2003: Year of epochal progress

SALIM MANSUR, For the London Free Press

Only those infected by cynicism fail to see the promises unfolding since a U.S.-led coalition toppled a monstrous Iraqi tyrant.

A generation from now, historians of another era looking back at the early years of the 21st century may see the year 2003 in a more favourable light.

It was a momentous year by any standards. It will be remembered primarily for the war to liberate Iraqis from an obscene dictator, and for the reverberations of this around the world.

I wrote on this page earlier this year that there never is a good war, but there are occasions for a just war. Canadians of an earlier generation understood this well.

The war to remove Saddam Hussein from power was one such occasion. The unfinished war to bring Osama bin Laden and the perpetrators of 9/11 to justice is another such occasion.

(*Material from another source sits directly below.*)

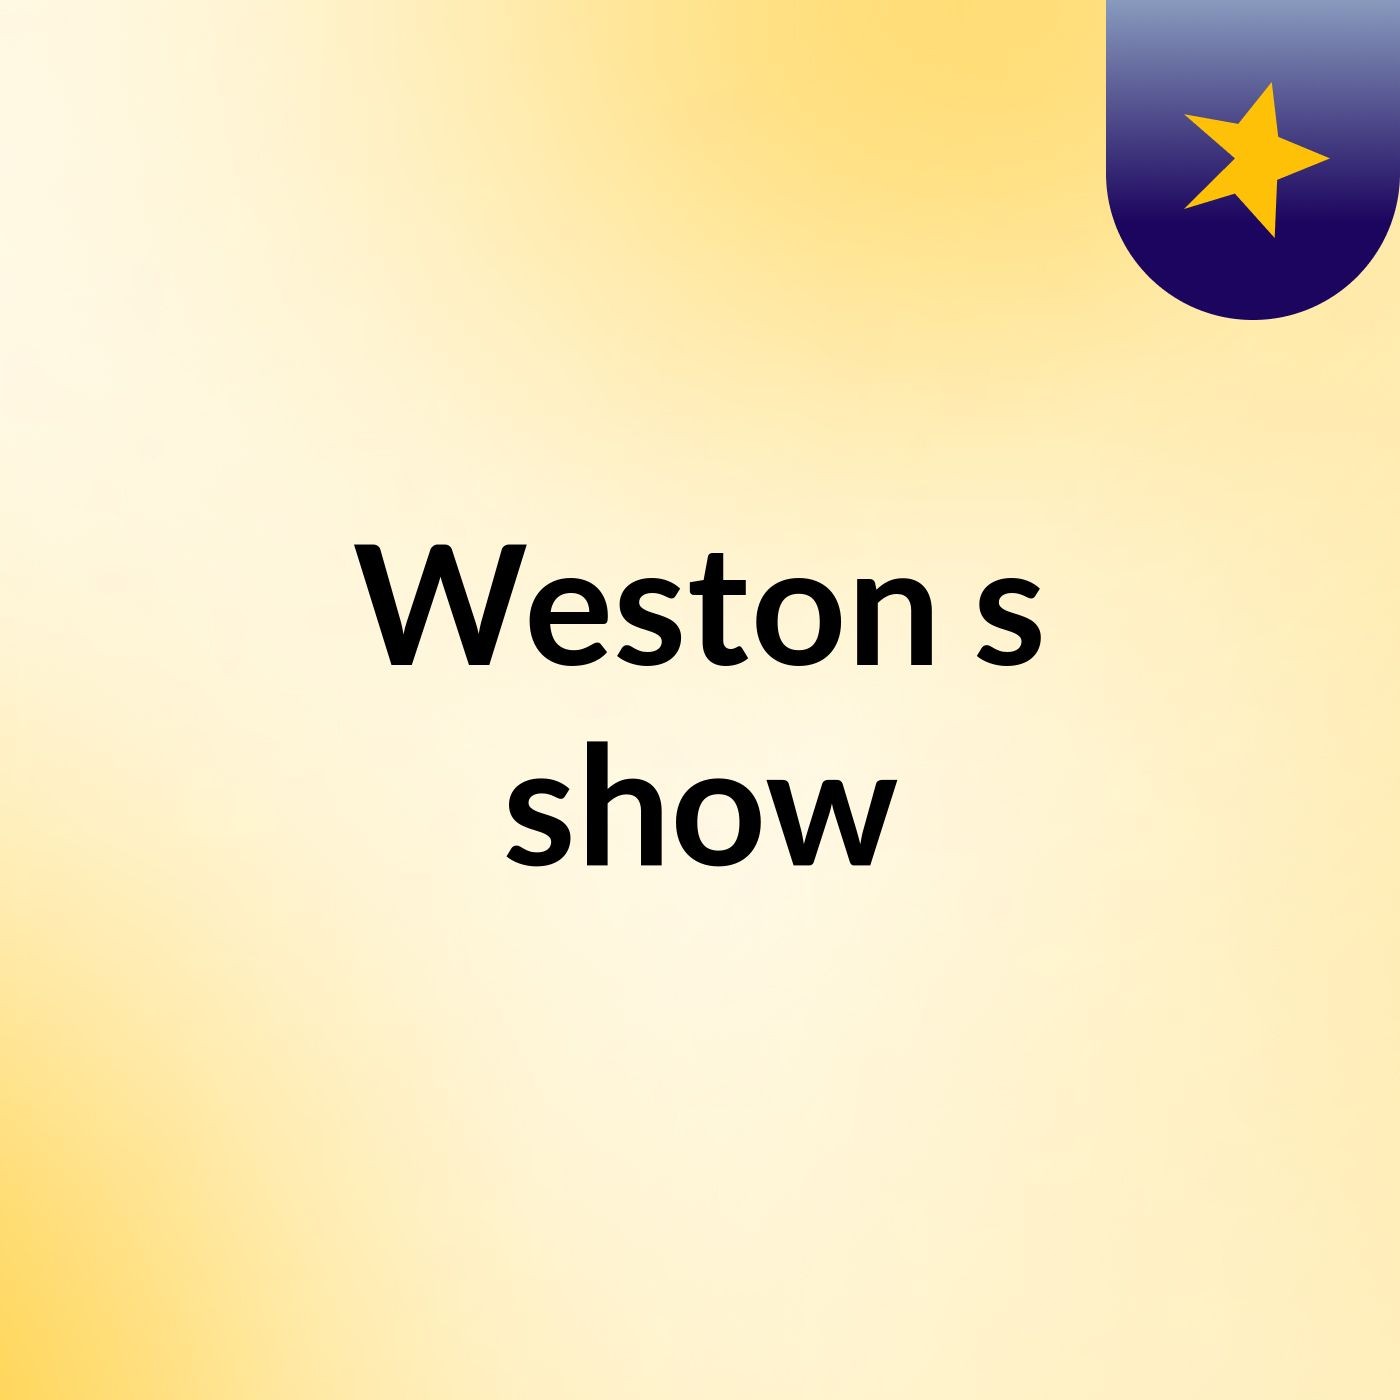 Weston's show

Only those who have become thoroughly corrupted by cynicism -- as is a majority on the liberal left in North America and Europe, seduced by a juvenile, self-righteous loathing of the United States -- will continue to deny the world is a better place with one less tyrant terrorizing people he holds captive while mocking others.

Among such cynics are those who never saw a dictator they did not admire, who never hesitate to be apologists for despots, such as Cuba's Fidel Castro, and who endlessly berate the shortcomings of free societies to mask the horrors of totalitarian states.

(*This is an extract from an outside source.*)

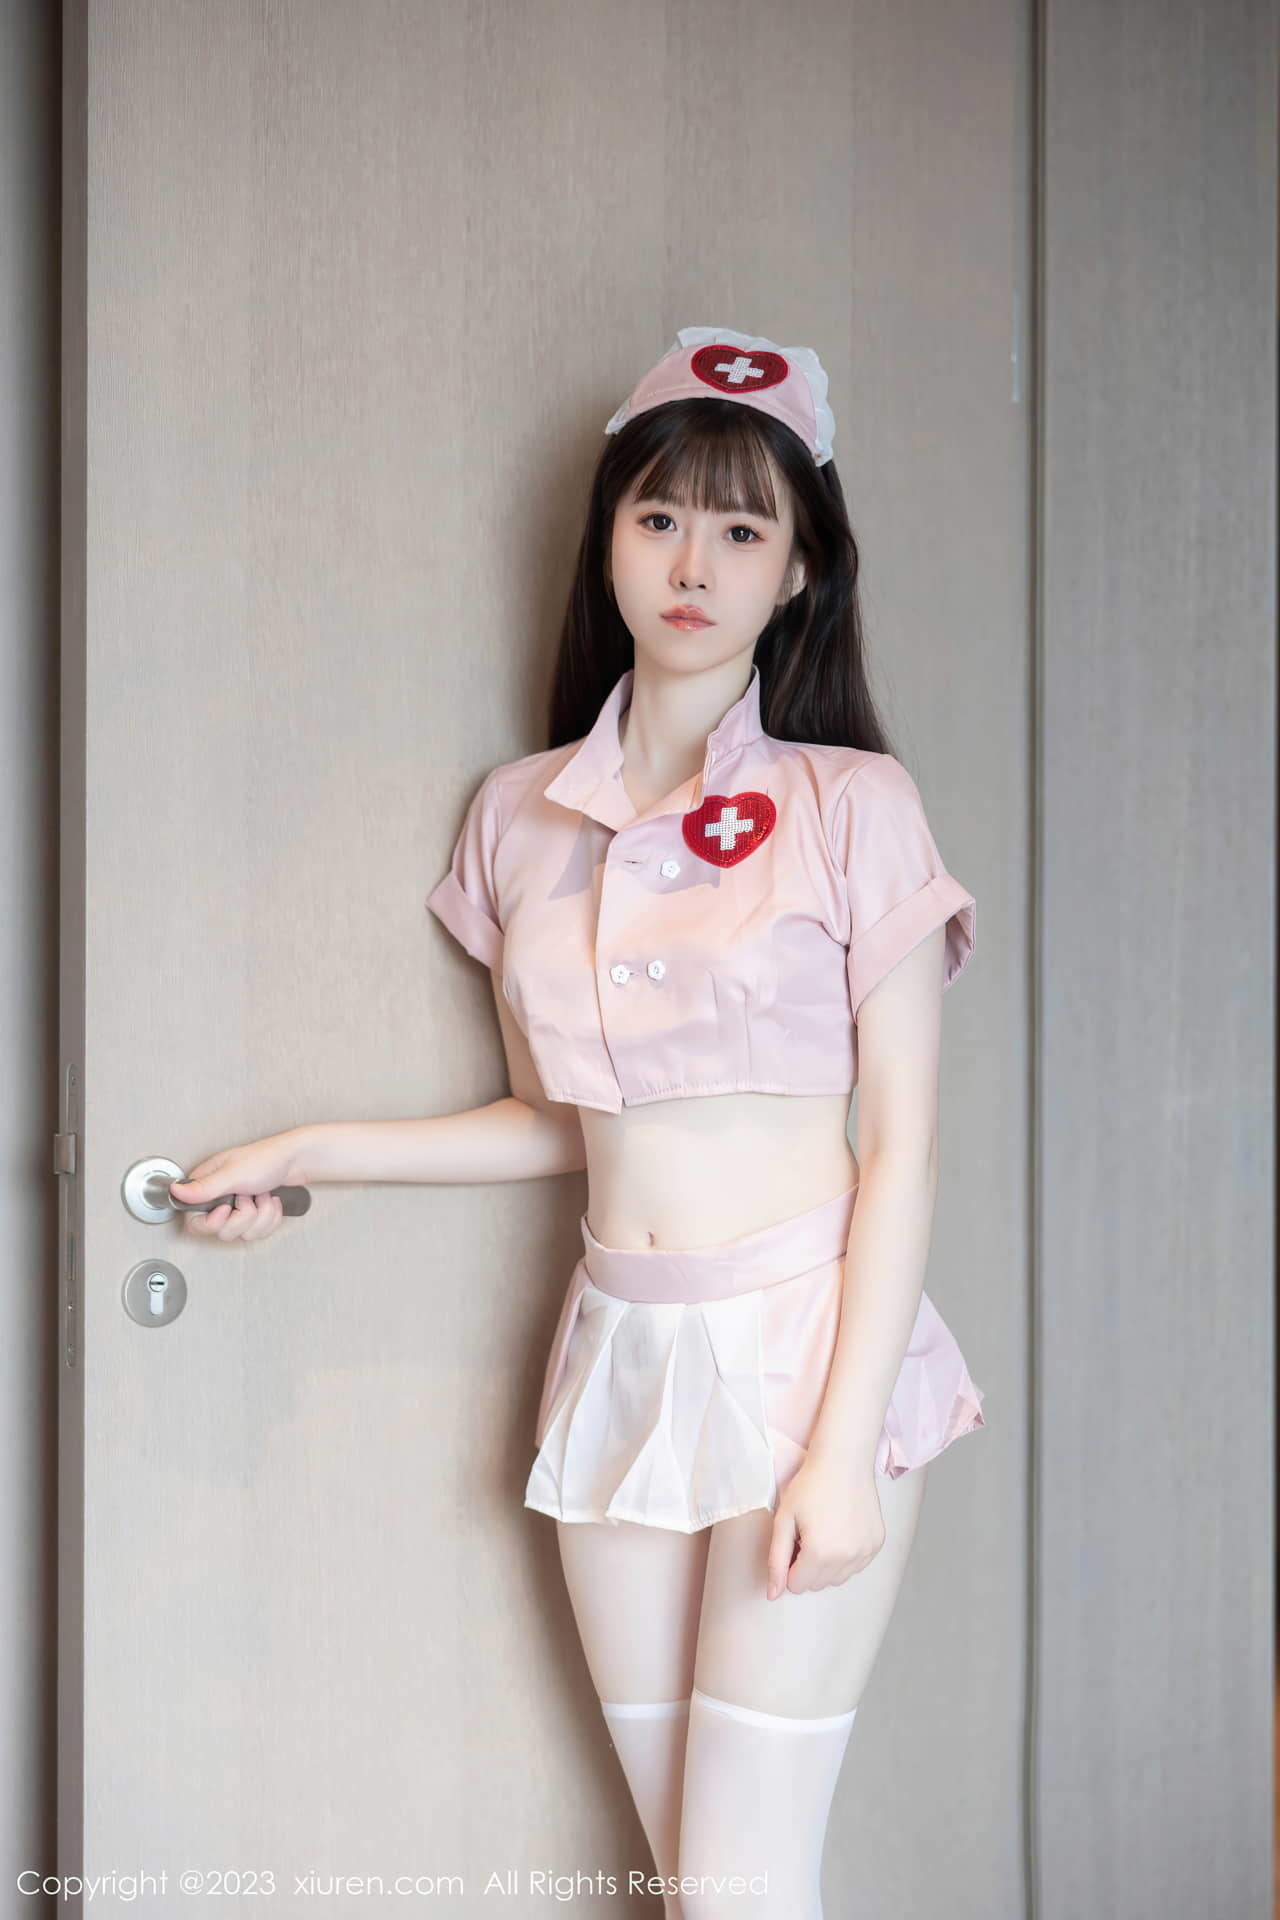 Сексуальная розовая униформа медсестры новенькой Линь Юю очаровательна и очаровательна, ее внешний вид чист и мил.

For the rest of us who seek decency and mutual recognition, honour traditional values based on faith and respect for human rights, recognize the virtues and limitations of democracy, 2003 was another reminder that evil cannot be confronted by platitudes, and cynicism cannot substitute for public policy at home or abroad.

The capture of Saddam as a fugitive should be the final nail in the politics of self-delusion, resentment and denial that has left the Arab-Muslim world as a backwater in the progress of humanity.

Iraqis are positioned for the first time in their relatively short, modern and independent history to build in freedom a decent society that could well become a beacon of hope in the Middle East.

Time will tell if free Iraqis achieve economic and social progress by drawing upon the support of the United States and its coalition partners. The examples from East Asia of some of the fastest growing economies, such as South Korea and Singapore, closely connected with the world's largest and richest economy, the United States, is a lesson for the new Iraq.

The immediate outcome of the war for Iraqi freedom has already borne fruit. Libya's Moammar Gadhafi, another Arab despot, did not wait long following Saddam's capture to announce his regime will dismantle all weapons of mass destruction it has acquired, under international supervision and verification.

Libya's announcement was preceded by Iran's agreement to sign the 1968 nuclear Non-Proliferation Treaty, agreeing to abide by the full inspection and verification of the International Atomic Energy Agency.

These are significant steps forward in containing the spread of weapons of mass destruction to countries with unstable regimes and with no record of democratic responsibility and respect for human rights.

It is also obvious the swift responses of Libya and Iran to abide by rules of international inspection and verification would not have come about without the example set by the United States and its democratic coalition partners in Iraq.

At home in Canada, 2003 was also significant.

Between SARS, which exposed our vulnerability to diseases in a fast-paced globalized world, and the largest blackout of electric power in Ontario and parts of northeastern United States, there was the unprecedented resurgence of the Liberal party, ending with a leadership change in Ottawa.

Freedom in Iraq may also be a harbinger for democratic renewal in Canada in the new year, with unity in the political ranks of those who see themselves as heirs to the legacy of Sir John A. Macdonald.

The year 2004 may well be, we pray, a good beginning for things to come at home and abroad.

Salim Mansur is a professor of political science at the University of Western Ontario. His column appears alternate Wednesdays.